Jack parve averle letto nel pensiero. “Ho un compito da svolgere.”, affermò solennemente. “Un compito molto importante: ripulire l’Inghilterra da tutti gli scrittori che vivono di buoni sentimenti, di personaggi insulsi e banali sempre pronti a combattere per il bene, di fanciulle ingenue che trepidano per stolti eroi dai nobili principi. Tu sei solo la prima. Altri ti seguiranno. E alla fine sarà il mio libro a trionfare, quando tutti avranno capito il vostro inganno, quando sarà stata fatta piena luce sulle vostre misere storie che non meritano di esistere. Quel giorno, “The Black Land” verrà pubblicato e diventerà l’unico esempio da seguire.”
Alexandra lo ascoltava incredula. Quel discorso delirante, sebbene le straziasse il cuore, le aveva anche aperto gli occhi.

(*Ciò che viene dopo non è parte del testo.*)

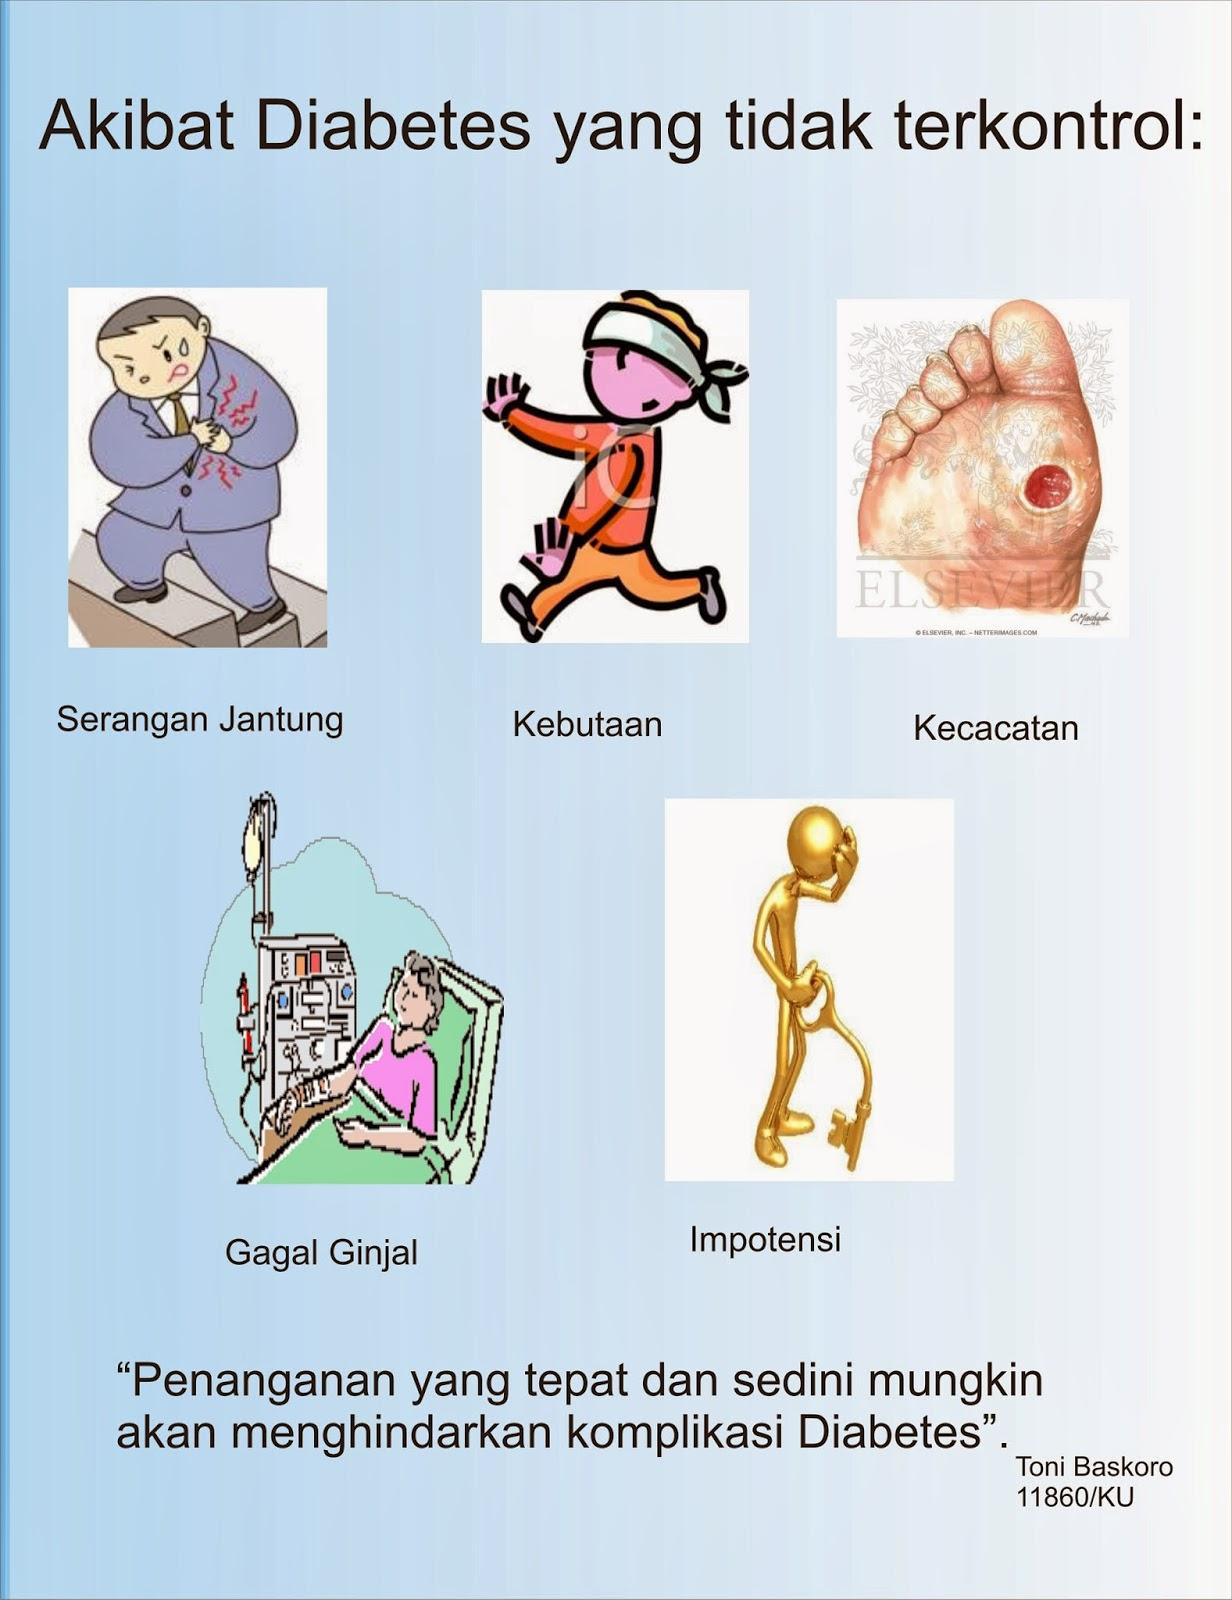 http://obatlimfomaherbal.blogspot.com/2014/03/jual-obat-herbal-untuk-diabetes.html

Aveva ragione Patricia! Com’era possibile che lei si fosse innamorato di un individuo simile? Jack le aveva reso le cose più facili.
Trasse un profondo respiro e, senza salutarlo, si diresse verso la porta. Non vedeva l’ora di uscire da quella casa e di dimenticarlo per sempre. Forse a volte lo avrebbe rimpianto, ma le sarebbe bastato ripensare alle sue ultime parole per superare ogni genere di nostalgia. Incominciava anche a pensare che fosse un malato di mente, anche se si era saputo camuffare molto bene. Adesso il futuro le faceva meno paura.
Aprì la porta. Sarebbe corsa subito da Patricia per confidarsi con lei e per ringraziarla.
Sparrows si mosse molto velocemente.
In un attimo fu alle sue spalle.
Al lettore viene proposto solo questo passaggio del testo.